The plants all look healthy if not a little small for the time of year. However a few stalwarts refuse to be daunted by the weather. Among them the chives.
My chives started with one little plant in a two inch pot I brought home as an impulse purchase. Now, some fourteen clumps later lining my lower garden bed, and countless plants given away, I can honestly declare my chives are thriving.
|Chive Buds Ready To Pop|
|Love This Color|
One of my favorite projects is making chive vinegar. For this project you will need:
A dry sterilized jar with lid (one quart mason jars work well)
3 - 3 1/2 cups white wine or rice vinegar
1 cup or more chive blossoms
Pick the chive blossoms in the morning after the dew has dried but before the heat of the day has caused their essential oils to evaporate.

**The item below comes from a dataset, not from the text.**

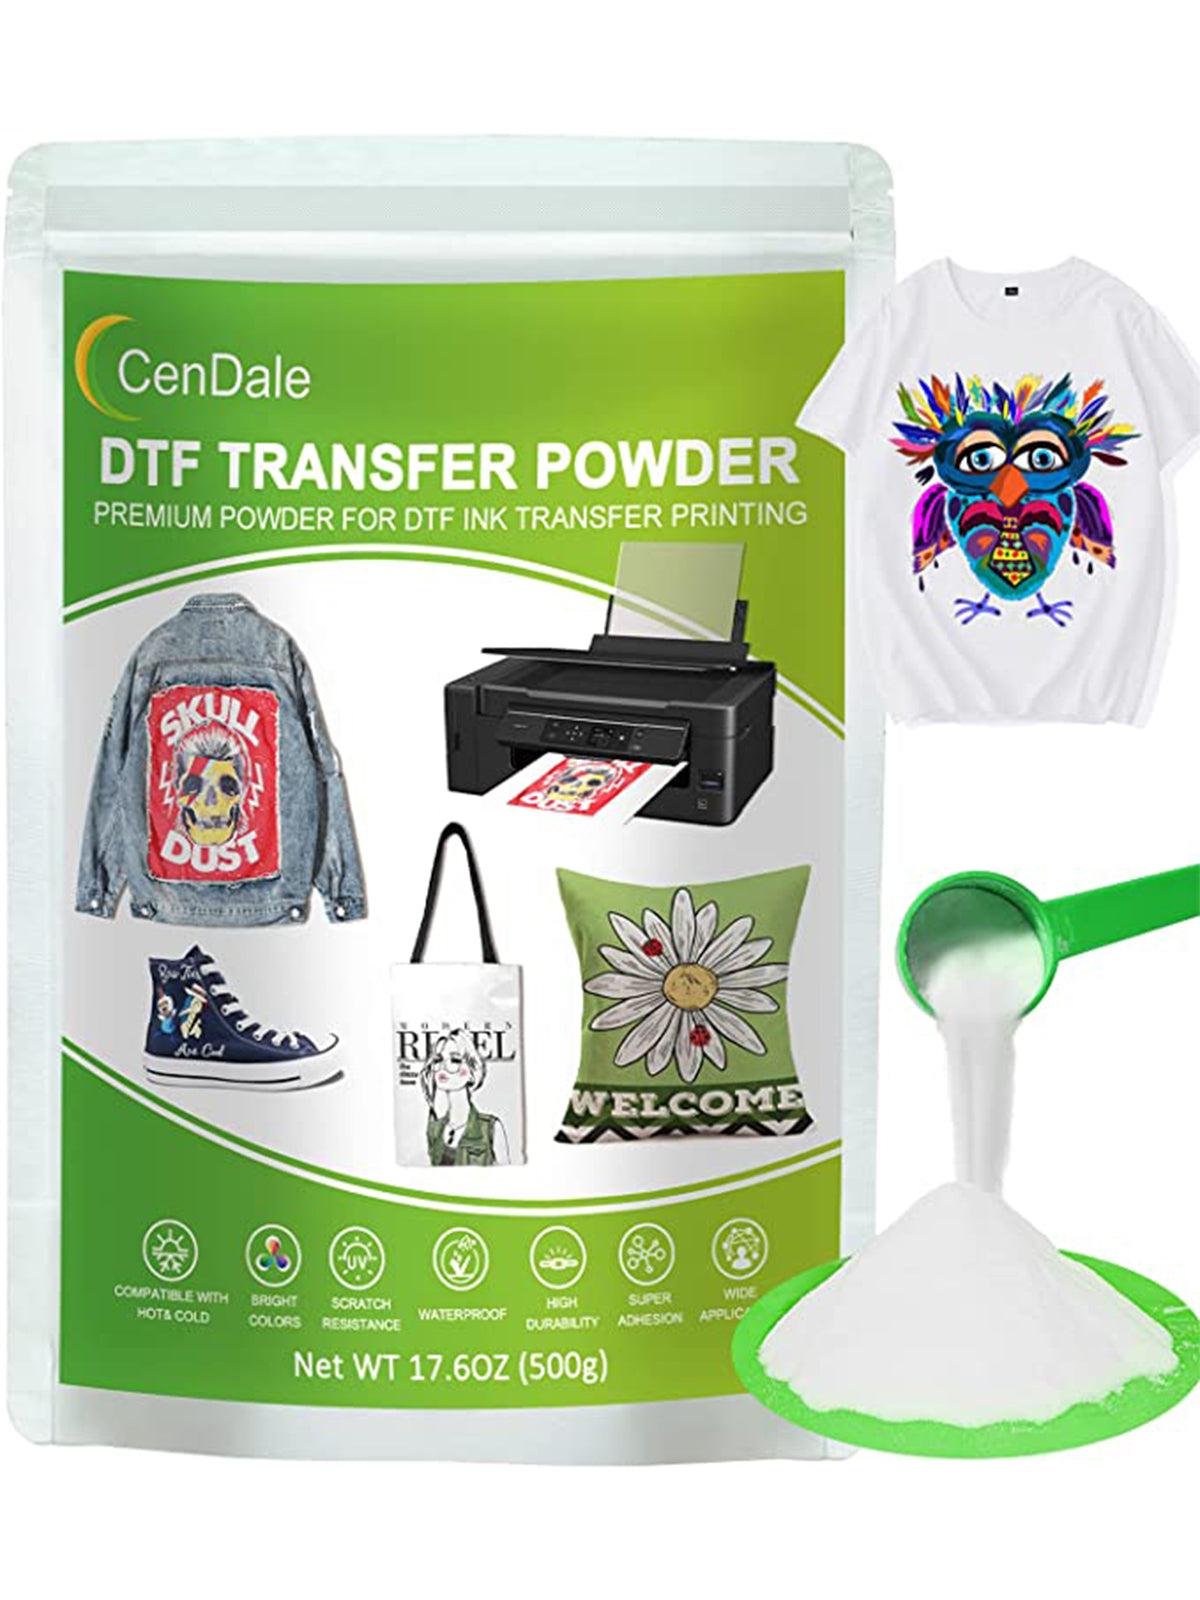 DTF Transfer Medium Powder  High-quality powder for transferring

Gently swish the blossoms in cold water until free of debris.
|Getting a Cool Rinse|
Allow blossoms to dry; you can let them air dry or use a salad spinner.
|Drying on a Towel|
|Fill the Jar|
|After 6 days. Don't you love the color!|
There are many other herbal vinegar worth having as well. These all make great salad dressings, vegetable and/or meat marinades, additions to soups (especially when a soup just needs something), or a great sprinkle over bruschetta.
Try basil and garlic in white wine vinegar, or dill, chive and peppercorn in red wine vinegar. The basic recipe is the same, just the herbs have been changed to protect the innocent, I mean to add some variety to your pantry.